Edwin’s father was David Stanton a physician who located his practice in Steubenville, Ohio. David married Lucy Norman, the daughter of a Virginia slaveholding family who also happened to profess the Methodist faith. These two traits were anathema to the Ohio Quakers. Edwin was their first born child. Unfortunately, Dr. David Stanton died when Edwin was about thirteen. This loss triggered a serious loss of financial status for the family such that Lucy opened a store on the first floor of the home and young Edwin went to work at a bookseller’s store. Yet he was able to enter Kenyon College, the first private college in Ohio. Again, miss-fortune struck as he lacked the financial resources to complete a degree. He dropped out and attempted to earn sufficient funds to continue selling books. When this plan failed, he set a new course: “when all else fails, become a lawyer.” Seems I did that myself, some fifty years ago. Although there were about five law schools at the time: Harvard, William & Mary, Yale, Universities of Maryland Virginia and Cincinnati and Dickinson College all hosted law schools in 1834. However, if he couldn’t afford to attend Kenyon, law school was not a very likely option. What was an option was the tried and true method of attaching oneself to a lawyer’s office and “reading law” until one was qualified to pass a bar examination. He proceeded to the task of reading law and passed a Bar exam in 1835. To be sure bar exams of that day were not the two or three day affairs of the last century. Rather when one was deemed ready he sat for an oral exam with two or three older and experienced lawyers who questioned him on his knowledge of the law.

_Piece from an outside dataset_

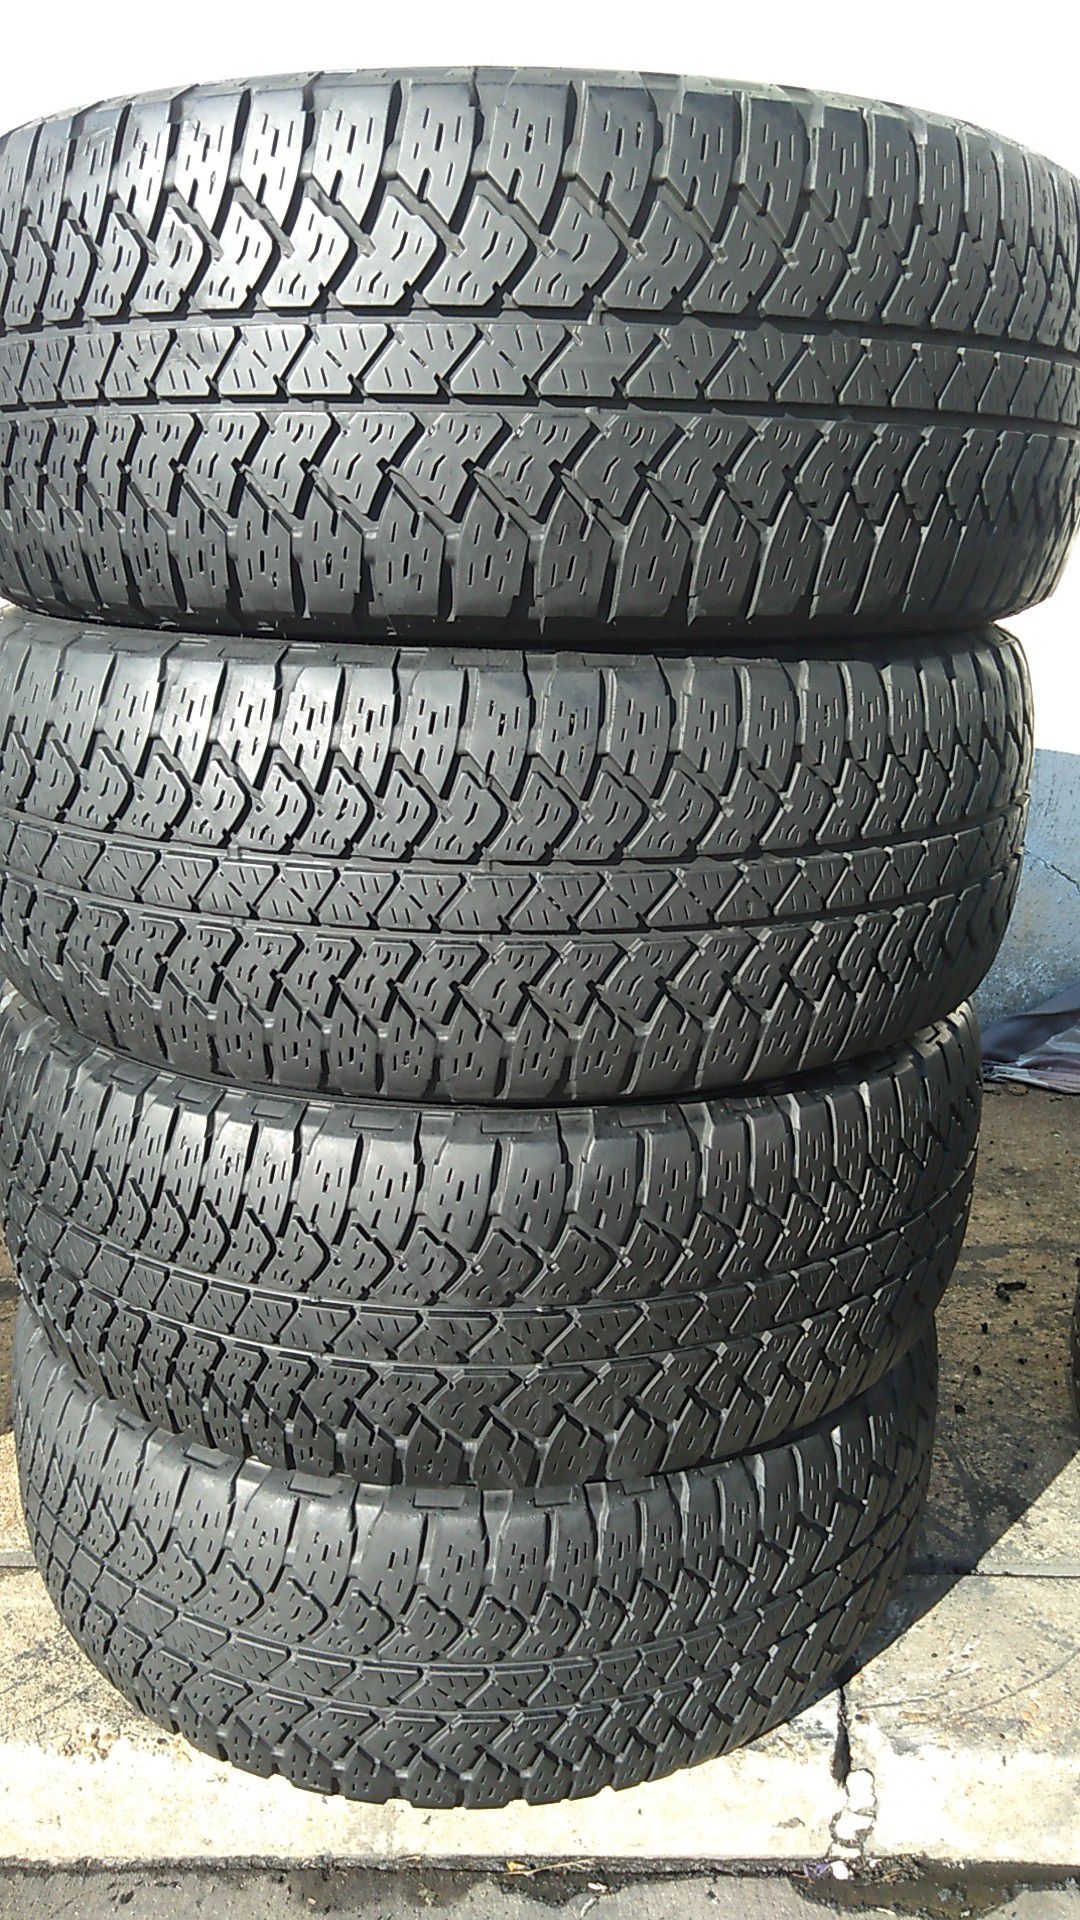 Four matching Bridgestone tires for sale 285/45/22

The entire process might last an hour or two. Thomas Mellon founder of Mellon Bank described his 1838 bar examination: “The examining board were not very punctual nor attentive to their duties, though frequently exacting and critical when once in session; and it was only after several efforts and abortive attempts that we procured a meeting.” Mellon then goes on to describe being asked a question by a sitting Judge concerning procedure, which he answered in accordance with the judge’s prior rulings. Another examiner took exception to the answer. What ensued was an argument between the examiners for the duration of the exam. The next morning he received a note that he had passed.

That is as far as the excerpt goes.